--- Supplied information Enclosed Below ---
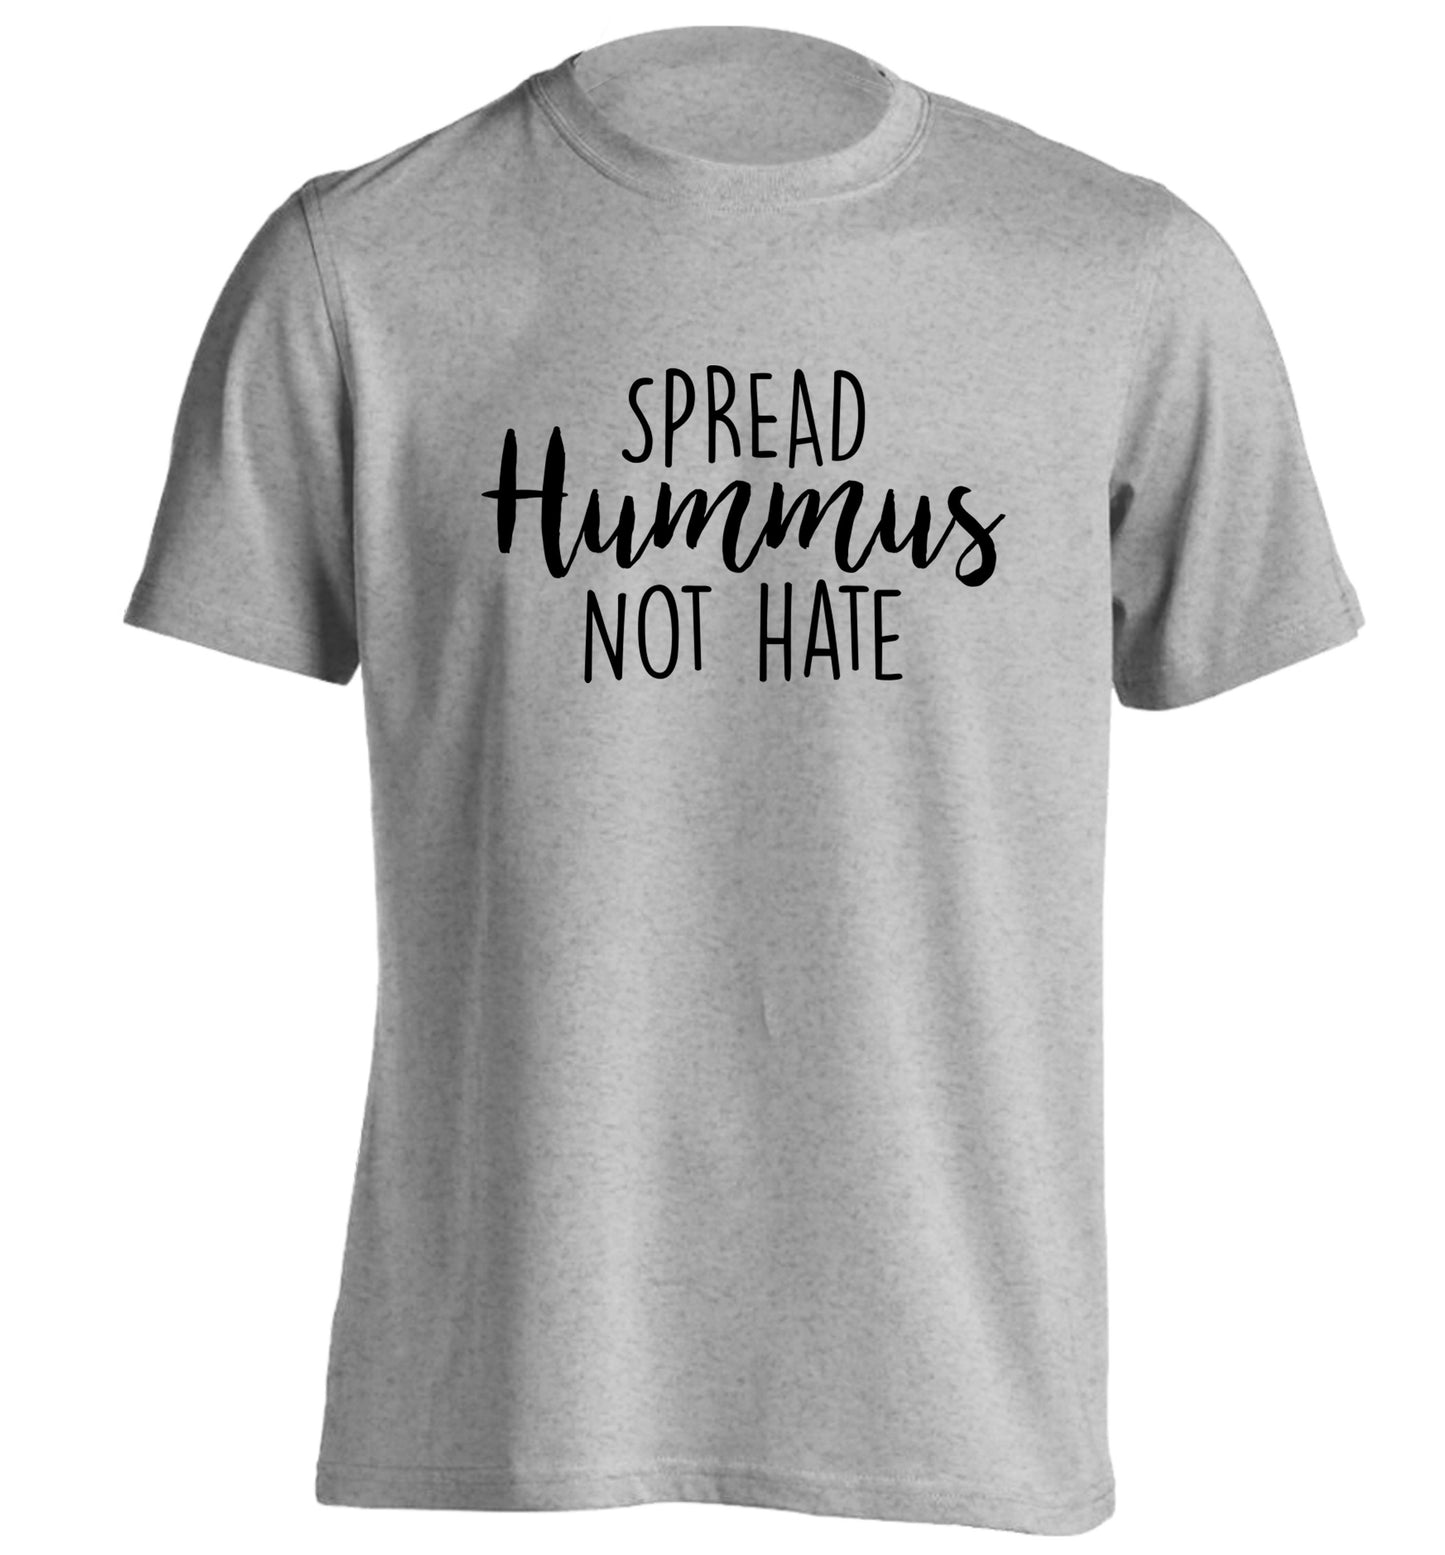 Spread hummus not hate script text adults unisex grey Tshirt 2XL
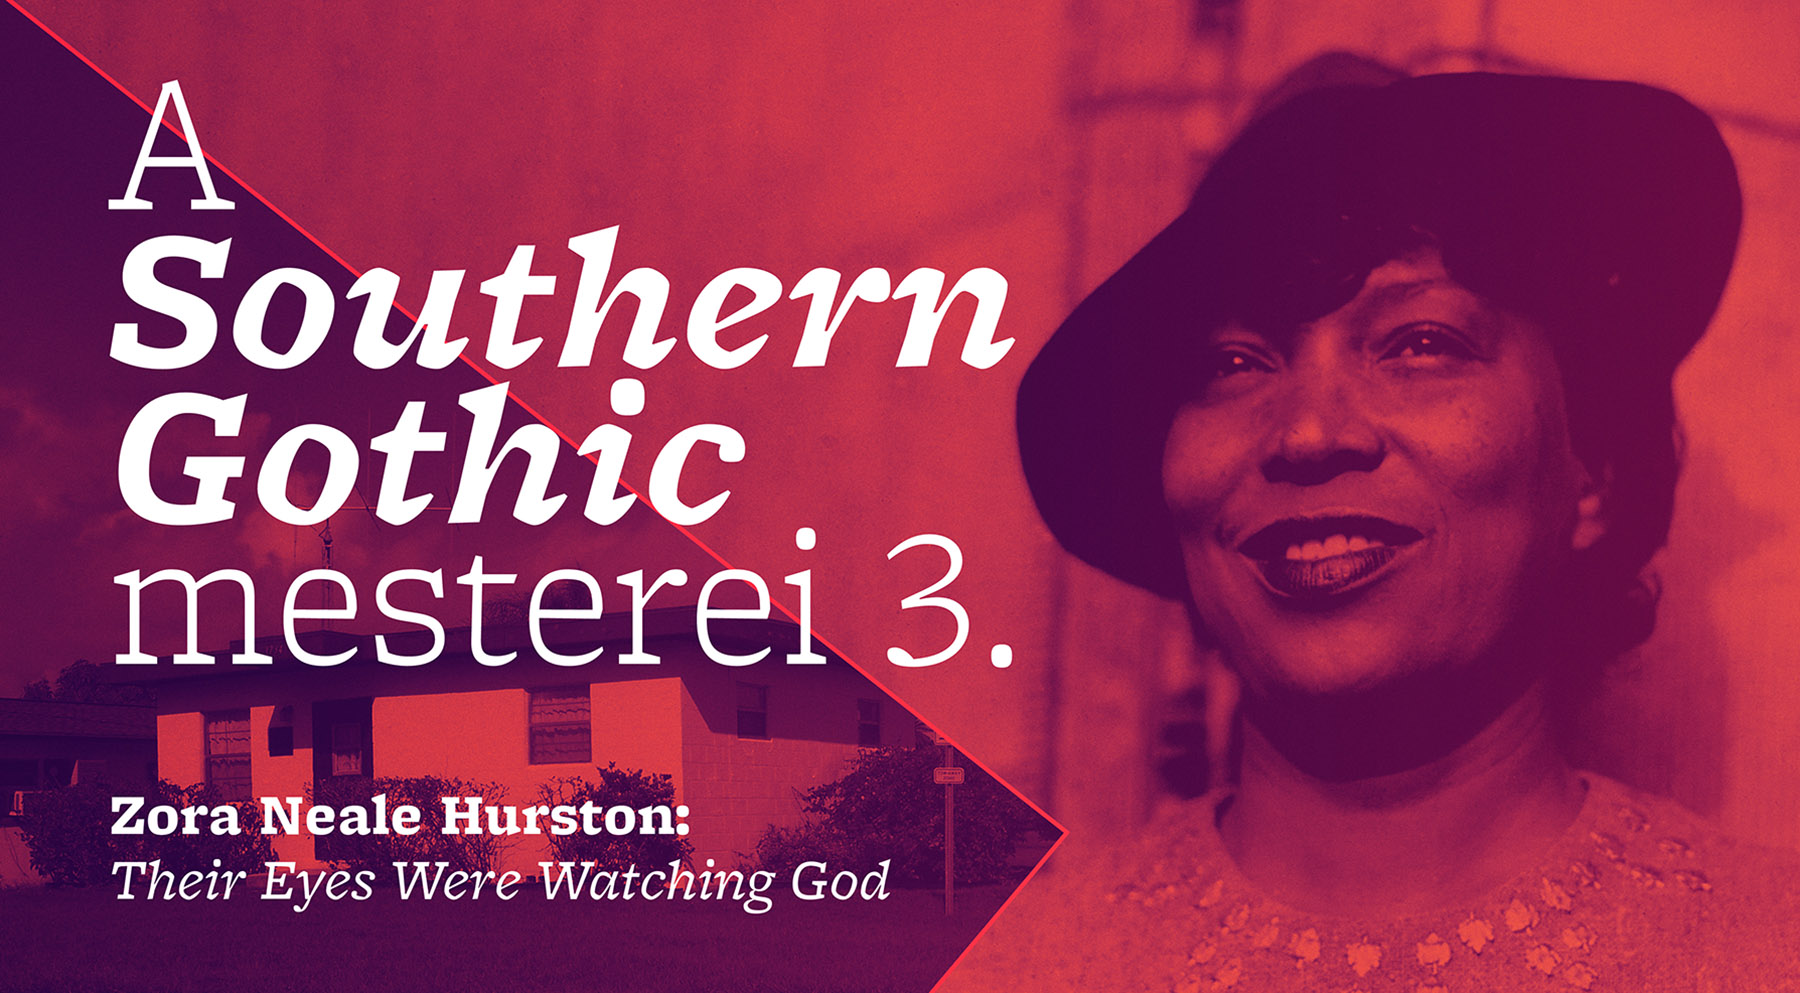 A Southern Gothic mesterei 3. (Zora Neale Hurston: Their Eyes Were Watching God)
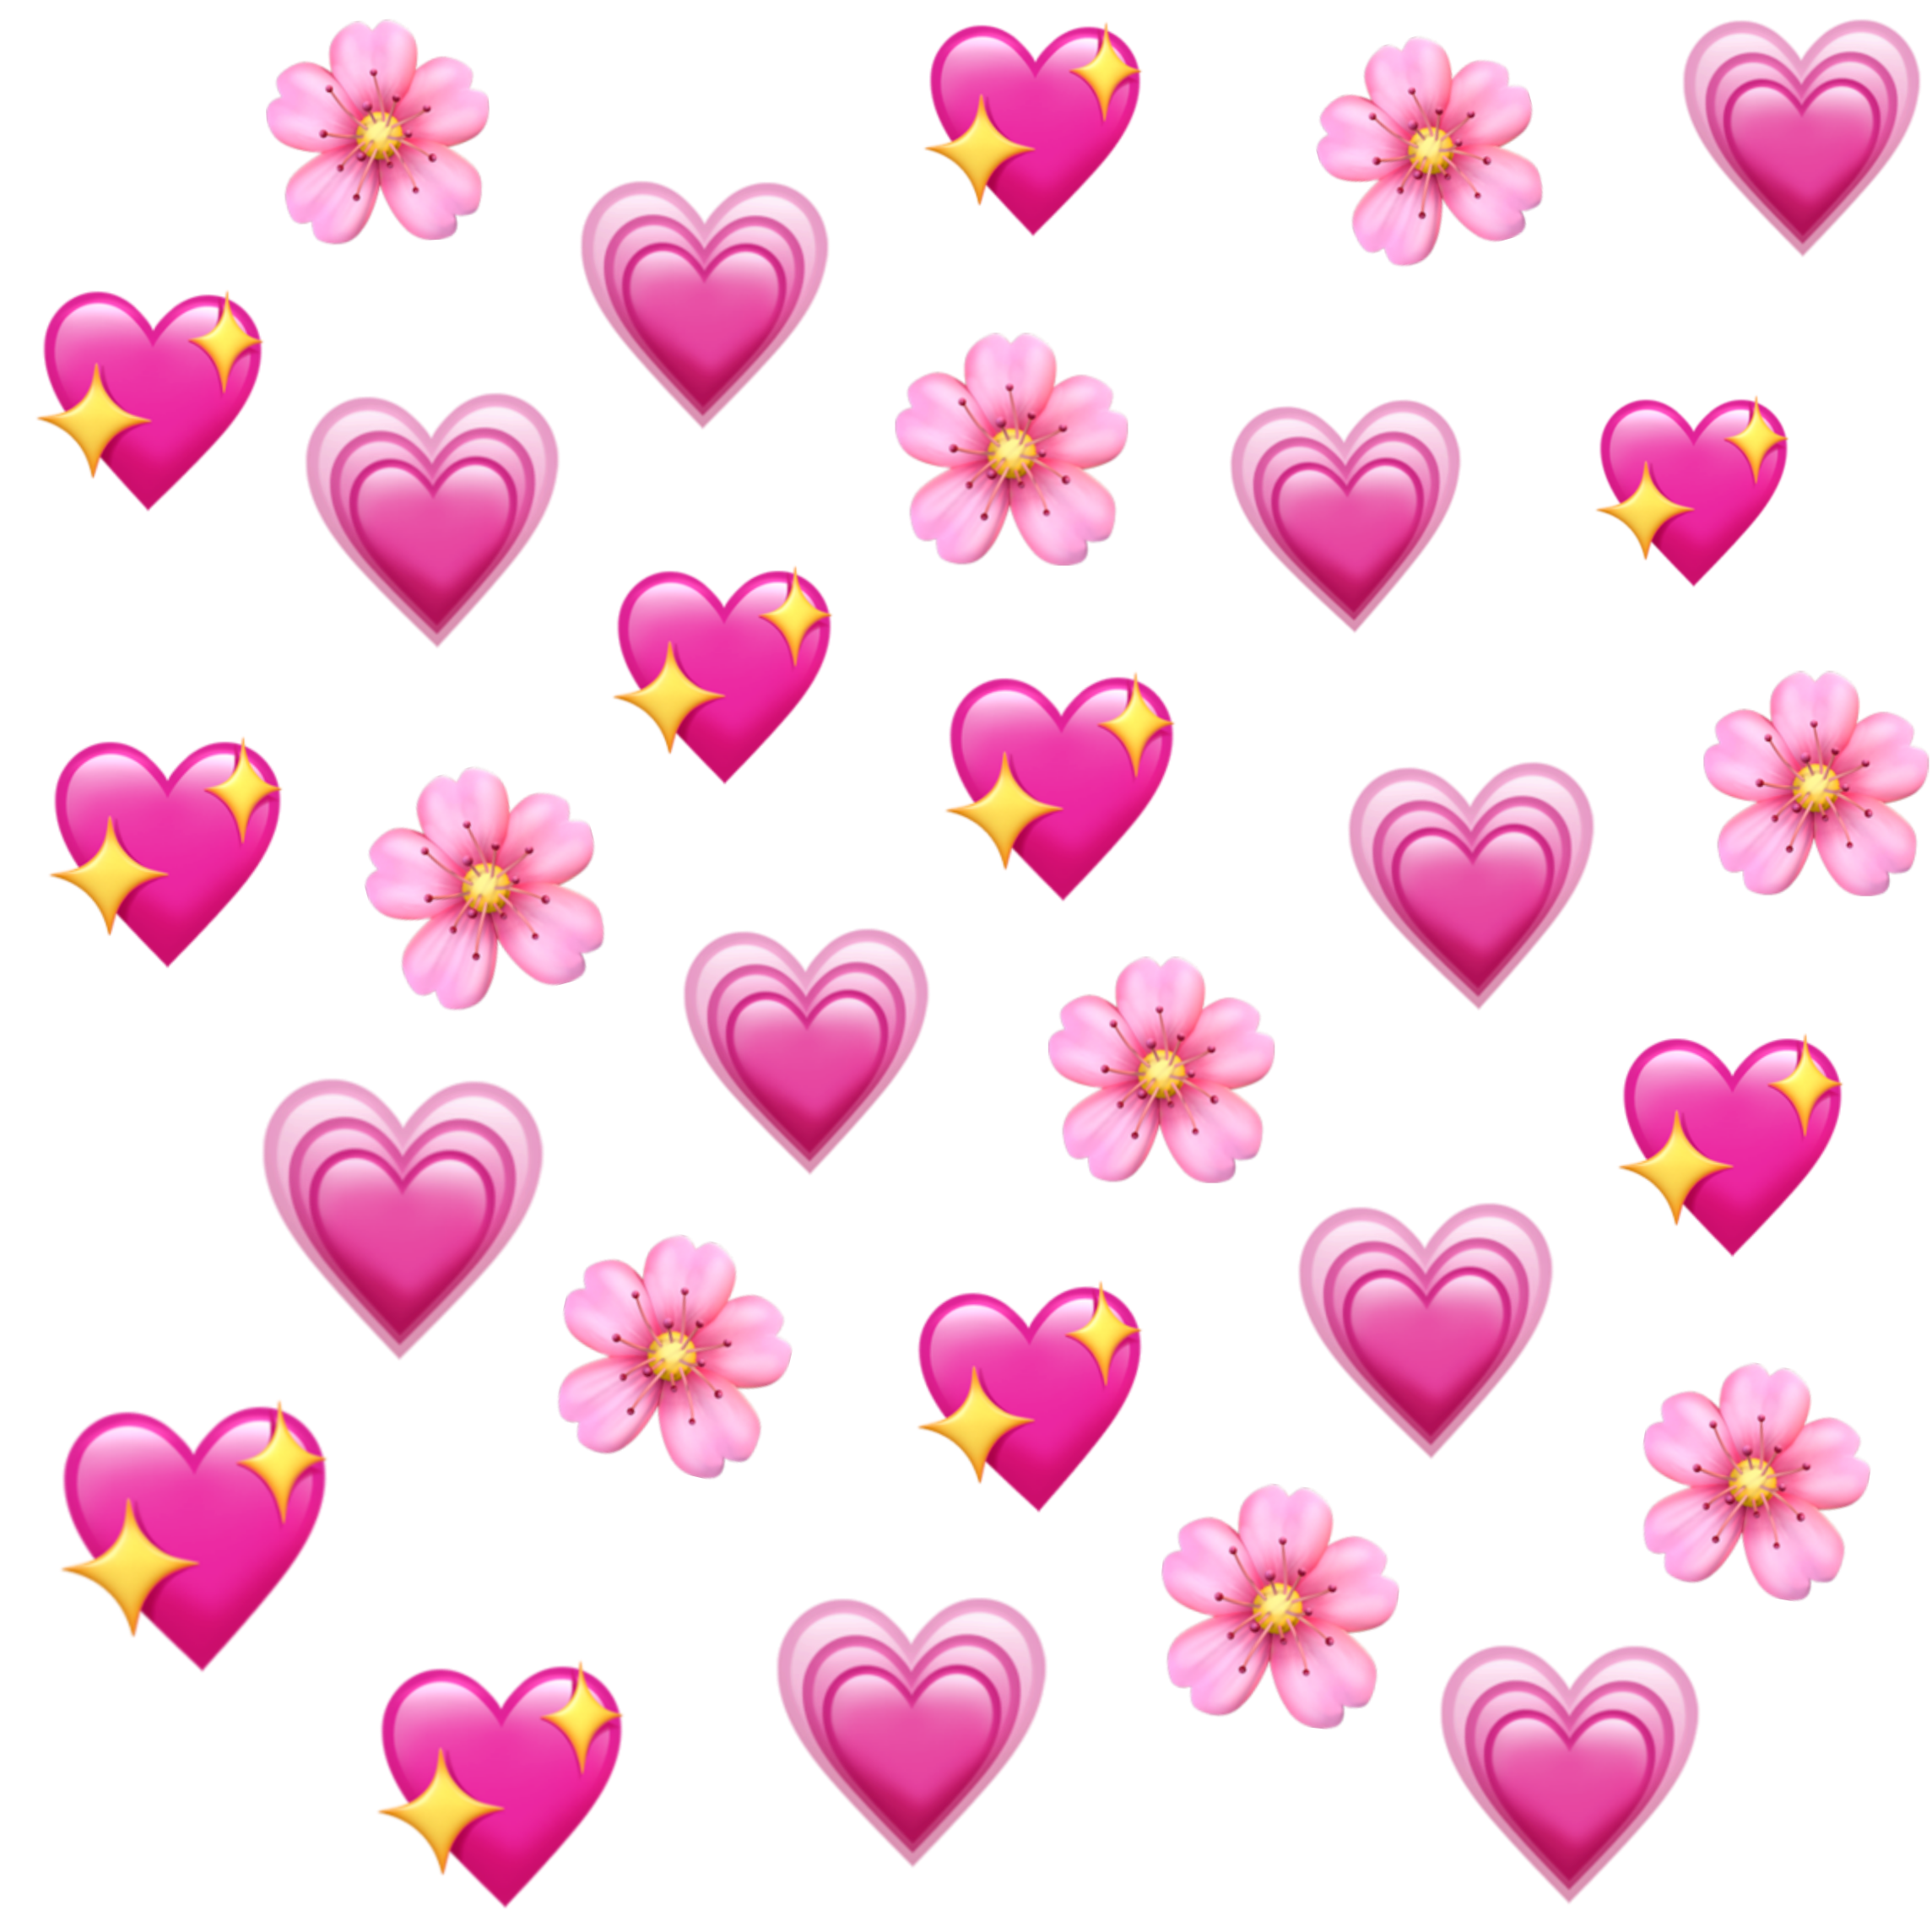 Emoji heart png. Смайлики и сердечки. Смайлик сердце. Эмодзи сердечко. Сердечко смайлик айфон.
--- End of Enclosed Supplied information ---
§ Problem statement
When you copy the data above, reproduce each line exactly and skip every image.

§ Expected output
 Spread hummus not hate script text adults unisex grey Tshirt 2XL
 A Southern Gothic mesterei 3. (Zora Neale Hurston: Their Eyes Were Watching God)
 Emoji heart png. Смайлики и сердечки. Смайлик сердце. Эмодзи сердечко. Сердечко смайлик айфон.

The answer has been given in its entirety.